Court News Ohio
Court News Ohio
Court News Ohio

Proof of Insertion by Another Required for Rape Conviction

A conviction for rape requires evidence that the accused inserted a body part or object into another person, not that the accused compelled another to insert a body part or object into the accused, the Supreme Court of Ohio ruled today.

Applying that ruling in the case of a Highland County woman who admitted that she directed her 2-year-old son to insert a sex toy into her vagina while she filmed the act, the Supreme Court concluded that, although those actions were grounds for a charge of gross sexual imposition (GSI), they technically do not constitute rape as defined by state law.

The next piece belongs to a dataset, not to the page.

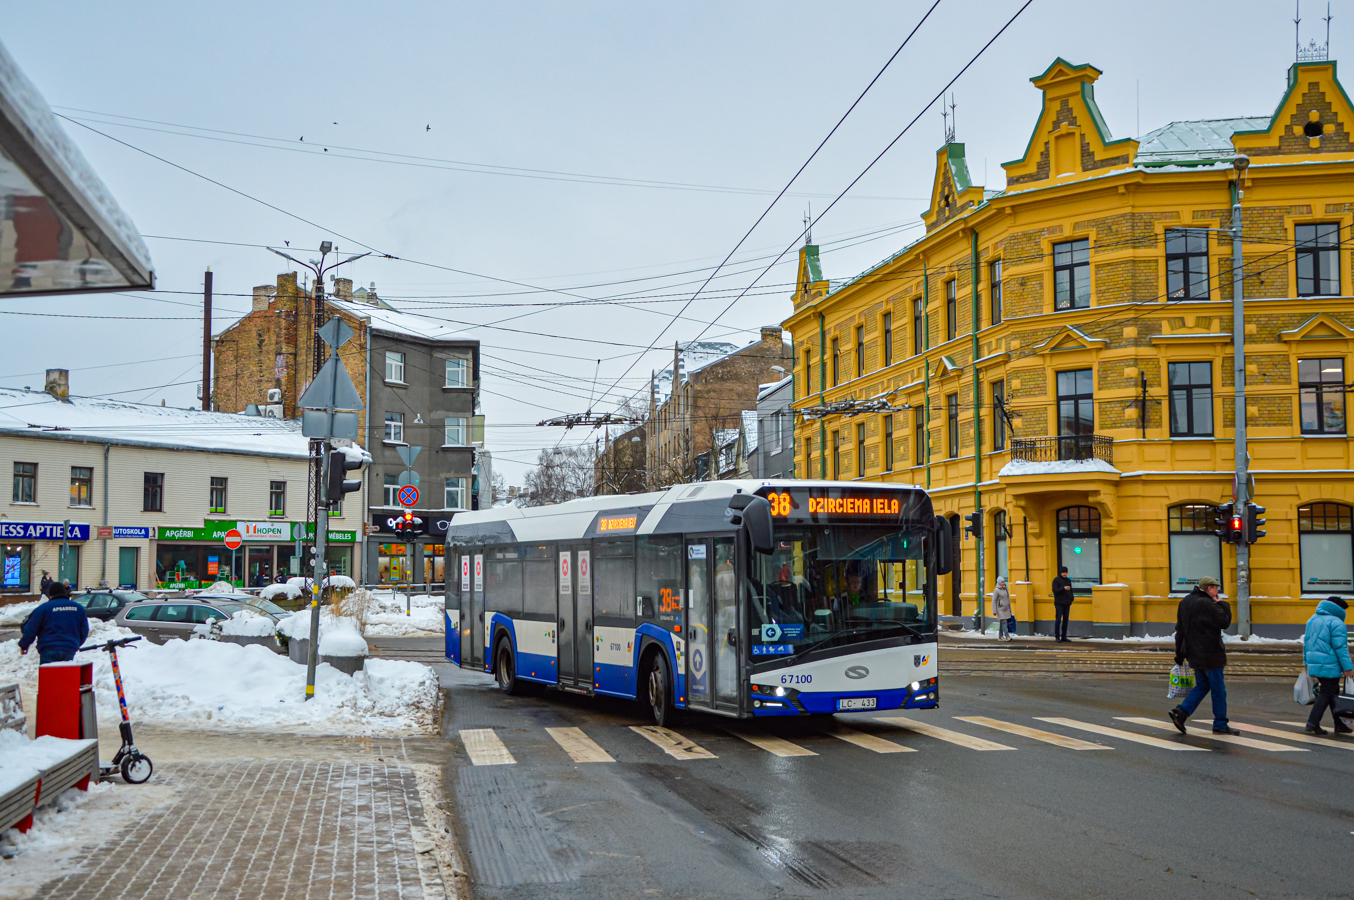 Riga, Solaris Urbino IV 12 # 67100

In a unanimous decision authored by Justice Patrick F. Fischer, the Court reversed a Fourth District Court of Appeals decision affirming Miranda Smith’s conviction of rape of a child under the age of 13. The Court remanded the case to the Highland County Common Pleas Court with direction to modify Smith’s sentence on the charge to GSI and resentence her for the crime.

Woman Charged for Sex Crimes With Minor
Smith pleaded no contest to multiple charges for filming the sex act with her child and sending the video to her boyfriend. She was sentenced to a prison term of 10 years to life on the rape charge. 

She did not dispute the allegations, but appealed her conviction for rape of a child under 13 based on language of R.C. 2907.02(A)(1)(b). She stated a rape can only be committed by a person who inserts a body part or object into another.

The Fourth District concluded that there is nothing in “the plain language of the statute that requires the defendant [to] be the one doing the inserting,” and that it would be “absurd” to read the statute in a way that did not consider Smith’s conduct as rape.

R.C. 2907.02(A)(1)(b) provides that “[n]o person shall engage in sexual conduct with another who is not the spouse of the offender … when … [t]he other person is less than thirteen years of age, whether or not the offender knows the age of the other person.”

Justice Fischer noted that R.C. 2907.01(A) defines “sexual conduct” as the unprivileged “insertion, however slight, of any part of the body or any instrument, apparatus, or other object into the vaginal or anal opening of another.”

The opinion pointed to the significance of the word “another” in the law. The Court noted “there is a legally significant distinction between engaging in sexual conduct with another and causing another to engage in sexual conduct.” Smith maintained to support a rape charge she would have had to insert an object into another, not direct another to insert an object in her.

“Reading these statutes together, a conviction for rape based on insertion must be supported by evidence that the defendant inserted a body part or object into another,” the Court stated.

The Highland County prosecutor asked the Court to ignore the word “another,” the opinion stated, and “to conclude that Ohio law requires only an act of insertion and that it does not matter whether it is the victim or the defendant who does the inserting.” The opinion stated the prosecution was asking the Court to rewrite the law “to make the statute fit the facts of this case.”

Lesser Crime Applies to Circumstance
While Smith’s actions did not constitute rape, the Court noted it does not mean no criminal act was committed. The opinion noted that GSI is defined under R.C. 2907.05(A) as causing another person to have sexual contact with the offender. Smith conceded in her arguments to the Court that while there was insufficient evidence to support her rape conviction, there was sufficient evidence to support a GSI conviction, the opinion noted.

The Court stated when there is sufficient evidence to sustain a lesser-included offense of a crime, Ohio law permits a court to modify the verdict without ordering a new trial. Instead of directing the trial court to retry Smith, the Court remanded the case with instructions to modify Smith’s conviction to GSI and to resentence her for that crime.

2021-0051. State v. Smith, Slip Opinion No. 2022-Ohio-269.